По окончании речи пастора дьячок-кантор затянул погребальный псалом. Но тут произошло некоторое замешательство: фрёкен Хильда, приподнявшись с пола, взглянула на лежавшего в гробу и, пораженная также, должно быть, его обманчиво свежим видом и обычною улыбкой, раздирающим голосом вскрикнула: «Han lefver!» («Он жив!»), закатила глаза и пошатнулась: с нею сделалось дурно. Жених подхватил ее и вместе с тетушкой вывел под руки из комнаты.
За псалмом кантора комендант, а потом и все подчиненные его стали подходить один за другим прощаться с молодым товарищем. После всех, когда собирались уже накрыть покойника крышкой, приблизились и Спафариев с Лукашкой, чтобы также приложиться губами ко лбу несчастного фенрика. Никто им в этом не препятствовал, но никто не показал и виду, что замечает их, за исключением одного фон Конова. Тот нарочно, казалось, дожидался своего бывшего гостя у выхода и молча пожал ему крепко руку.
— Кто предвидел бы это? — вполголоса сказал Иван Петрович, указывая глазами на усопшего.
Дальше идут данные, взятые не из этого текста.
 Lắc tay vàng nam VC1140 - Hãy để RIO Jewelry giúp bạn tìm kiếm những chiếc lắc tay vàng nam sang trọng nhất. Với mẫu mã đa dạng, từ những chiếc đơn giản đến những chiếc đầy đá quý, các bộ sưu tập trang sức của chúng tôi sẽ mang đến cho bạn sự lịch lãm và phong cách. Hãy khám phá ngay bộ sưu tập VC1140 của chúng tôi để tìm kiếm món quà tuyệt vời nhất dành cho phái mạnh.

— Все мы должны быть приготовлены к тому же, как и м-то безнадежным тоном отозвался фон Конов. — Нынче была очередь Ливена, завтра, быть может, моя.
— Ну, полноте, дорогой мой! — мягко и сердечно старался ободрить его молодой русский. — Я очень хорошо понимаю, что вам тяжело на более или менее продолжительный срок покинуть вашу прекрасную мызу…
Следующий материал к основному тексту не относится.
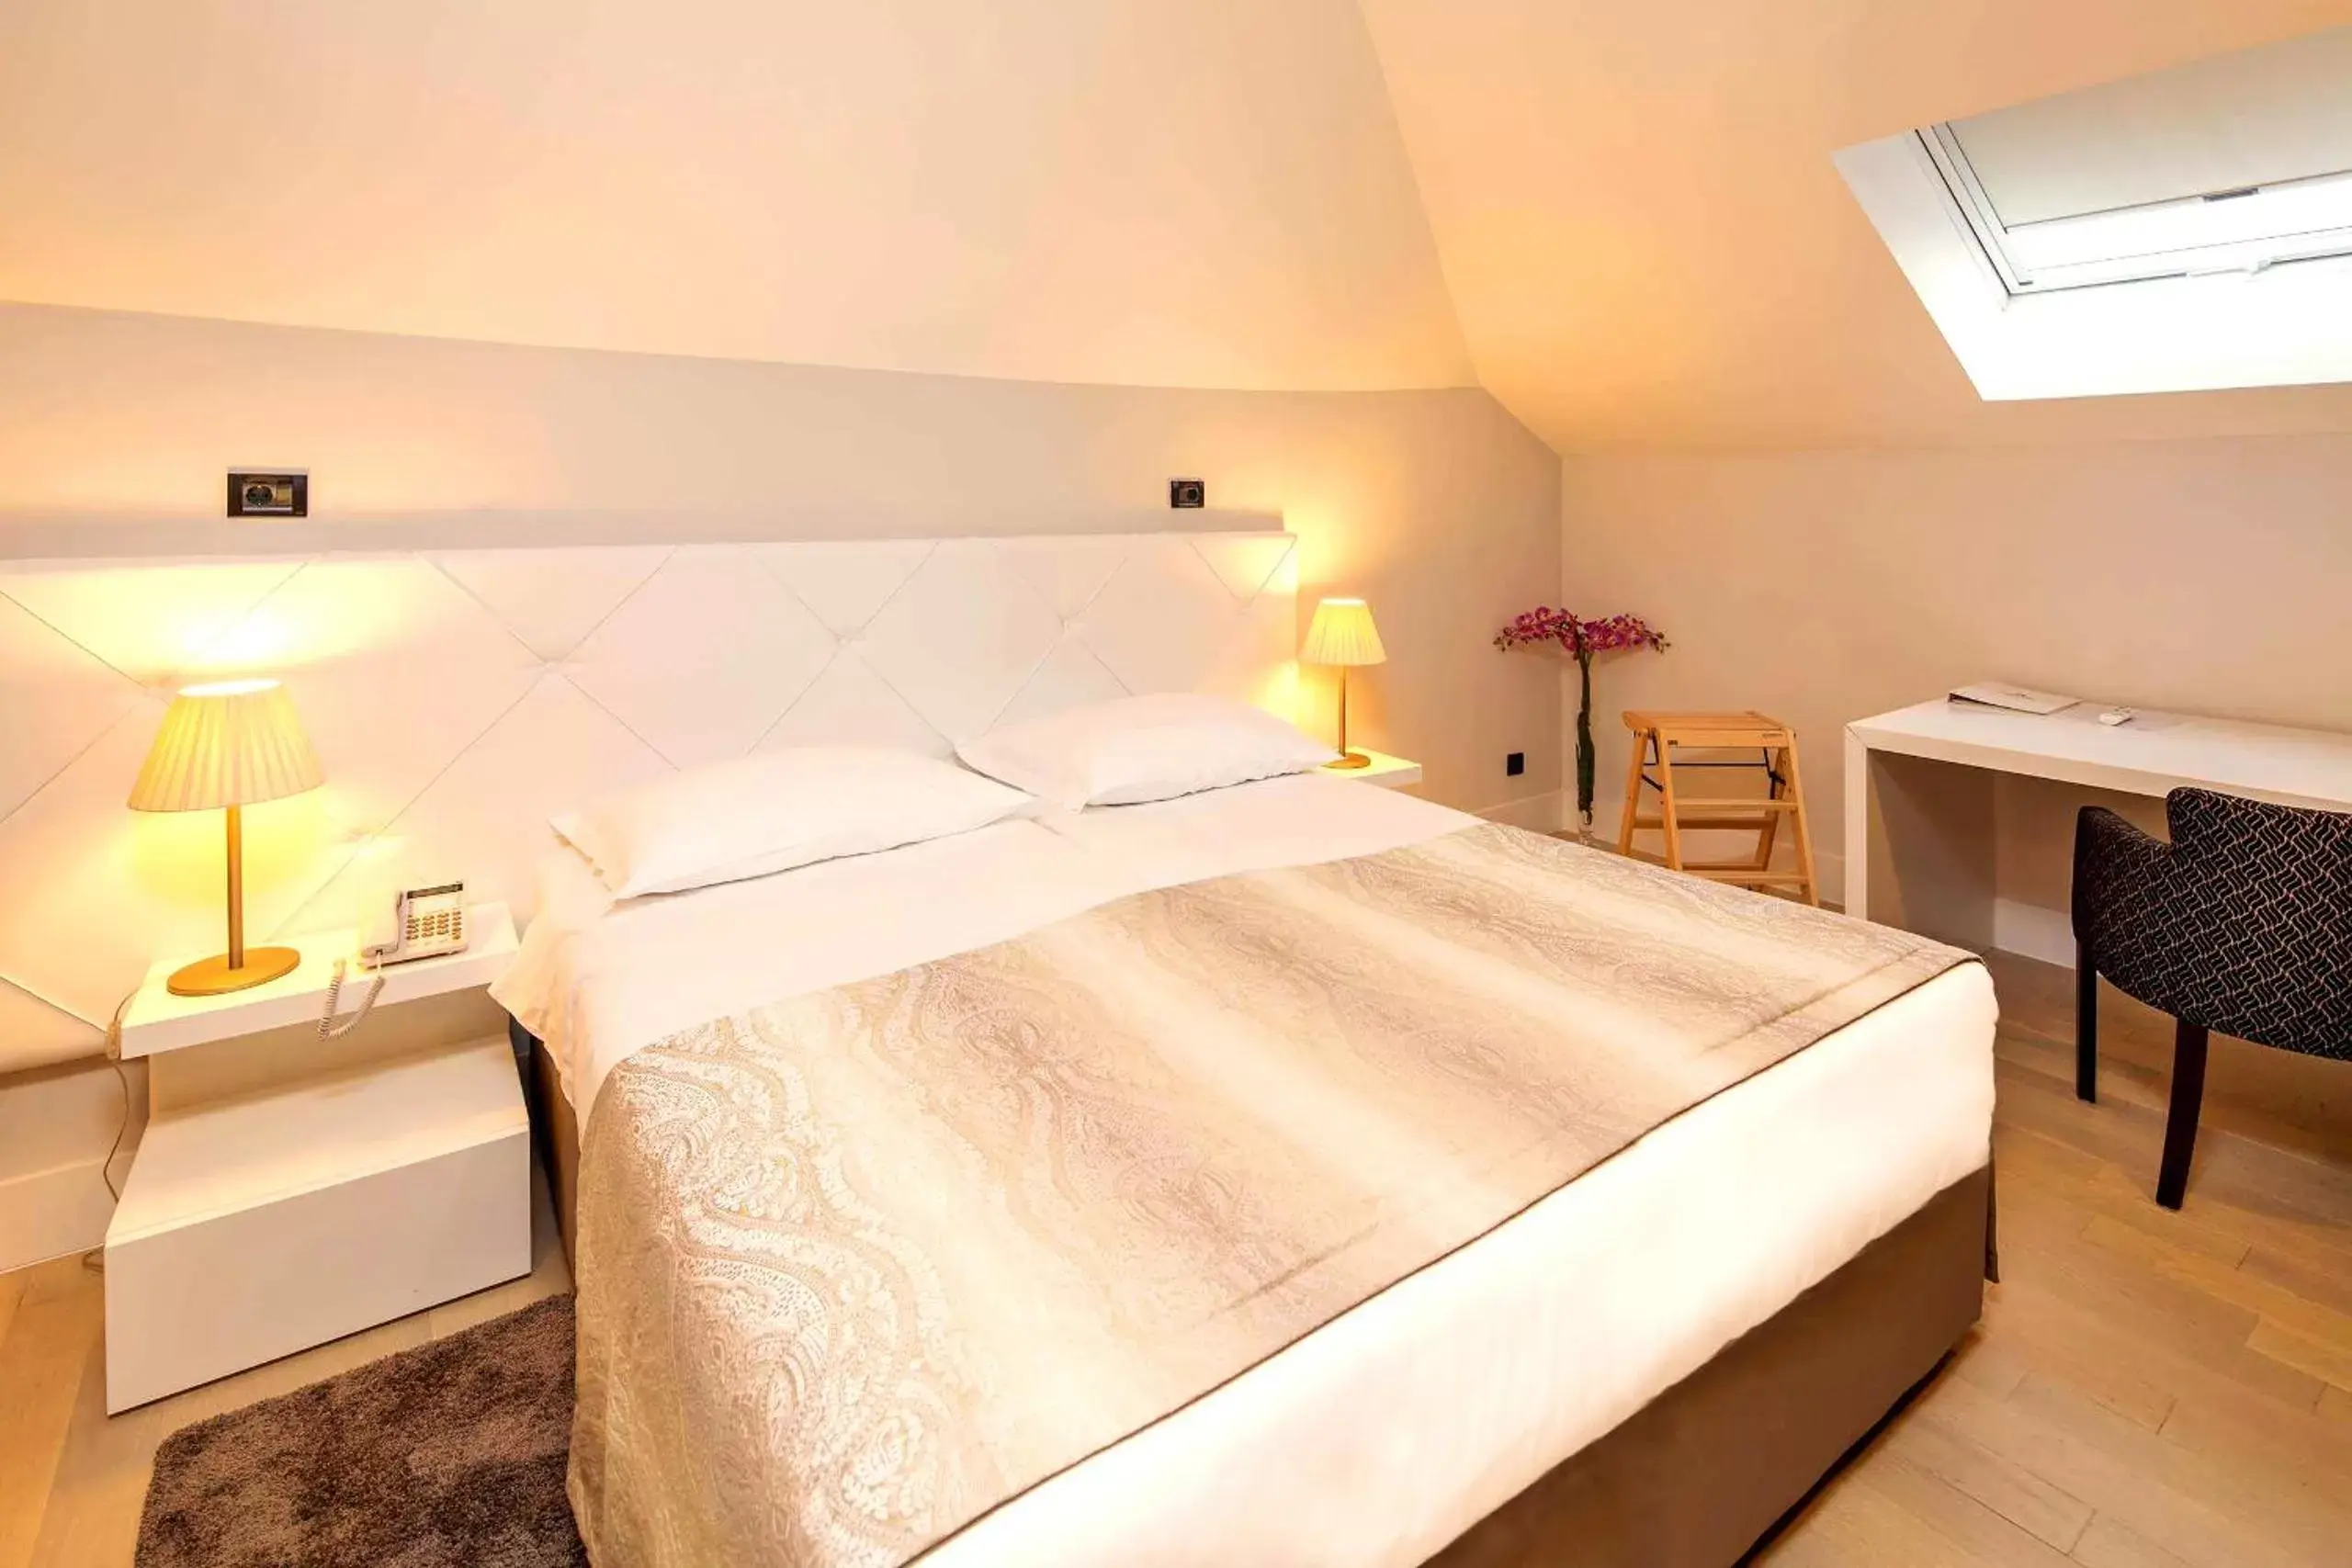 Bed in Cornaro Hotel

— Я взят с оружием в руках, и с мызой мне во всяком случае придется проститься. Спасибо хоть вашему царю, что дал мне разрешение закончить мои дела. Песня моя спета, а ваша, мосье, еще далеко не допета, и дай вам Бог тянуть ее возможно дольше!
В горле у говорящего словно что осеклось. Он быстро отвернулся и отошел к товарищам, чтобы вместе с ними принять с катафалка гроб; но от Спафариева не ускользнуло, что из-под опущенных ресниц весельчака-майора капнула на пол слеза.
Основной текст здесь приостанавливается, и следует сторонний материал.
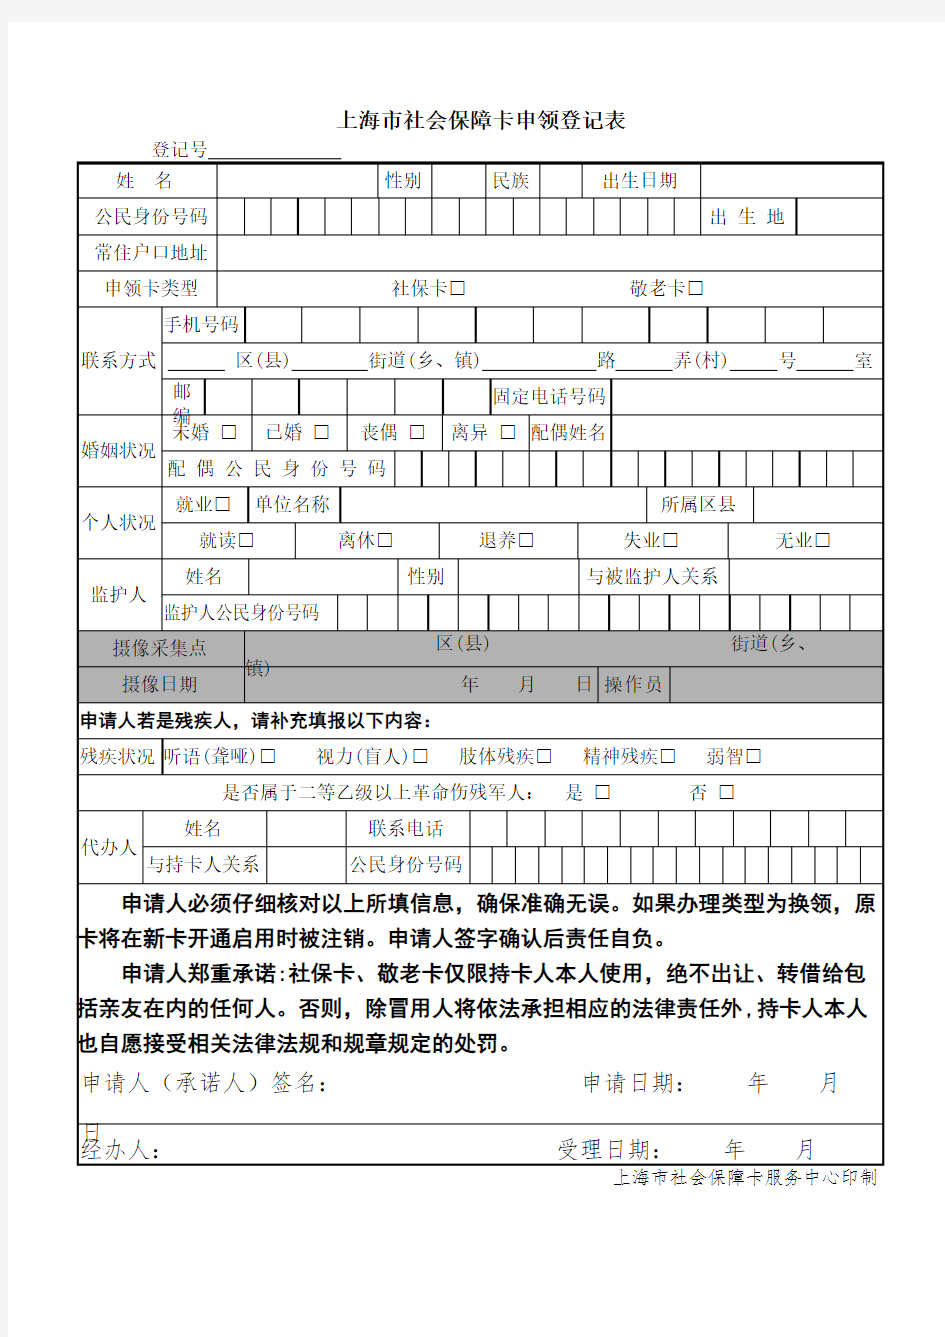 上海市社会保障卡申领登记表

Минут десять спустя из крепостных ворот двинулся печальный кортеж; но позади траурной колесницы следовали пешком только две фрёкен Опалевы, коммерции советник Фризиус да несколько горожан и горожанок; сослуживцы Ливена должны были отстать от него уже у подъемного моста. Зато взамен их тут же примкнул к шествию, по распоряжению царя, целый батальон русских гвардейцев, чтобы проводить покойника до самой могилы со всеми почестями — с распущенными знаменами, под звуки похоронного марша.
Глава десятая
Сын роскоши, прохлад и нег…
Державин
— А фон Конов у меня все из головы не выходит, — заметил задумчиво Иван Петрович своему камердинеру, провожая глазами печальную процессию, пока та не скрылась совсем из виду за городским мостом по той стороне Охты. — Точно прощался со мною навеки.
— А почем знать? — отвечал Лукашка. — Самому мне сдается, что у него что-то неладное на уме. Как бы не сотворил чего над собою! Но теперича, сударь, тебе первым долгом надо позаботиться о своей собственной персоне. Аль забыл, что еще не обелил себя перед царем?
И калмык вкратце, но так образно описал первый допрос свой у царя, что Иван Петрович не на шутку призадумался.
— М-да, — промычал он, — дело-то как будто дрянь выходит…
— И весьма даже дрянь, monsieur, derniere qualite.
— Так как же мне быть-то? У тебя, Лукашка, верно, найдется опять лазейка?
— У меня-то нет, но ежели ее нам кто устроит, так не кто иной, как Павлуша Ягужинский.
— Это кто же?
— А первый денщик царский. Но наперед не прикажешь ли обрить тебя?
Наш щеголь, мрачно насупясь, схватился рукой за заросший реденькой бородкой подбородок.
— Ah, sapristi! Когда перевели меня нынче поутру из каземата во флигель, я тотчас потребовал себе бородобрея, но подлецы так его мне и не прислали! Даже парик пришлось самому расчесать.
— Не до того им, знать, было.
— А мне-то каково? Хоть и зашел я тоже поклониться праху бедняги Ливена, но так и не решился в моем диком образе подойти к фрёкен Хильде.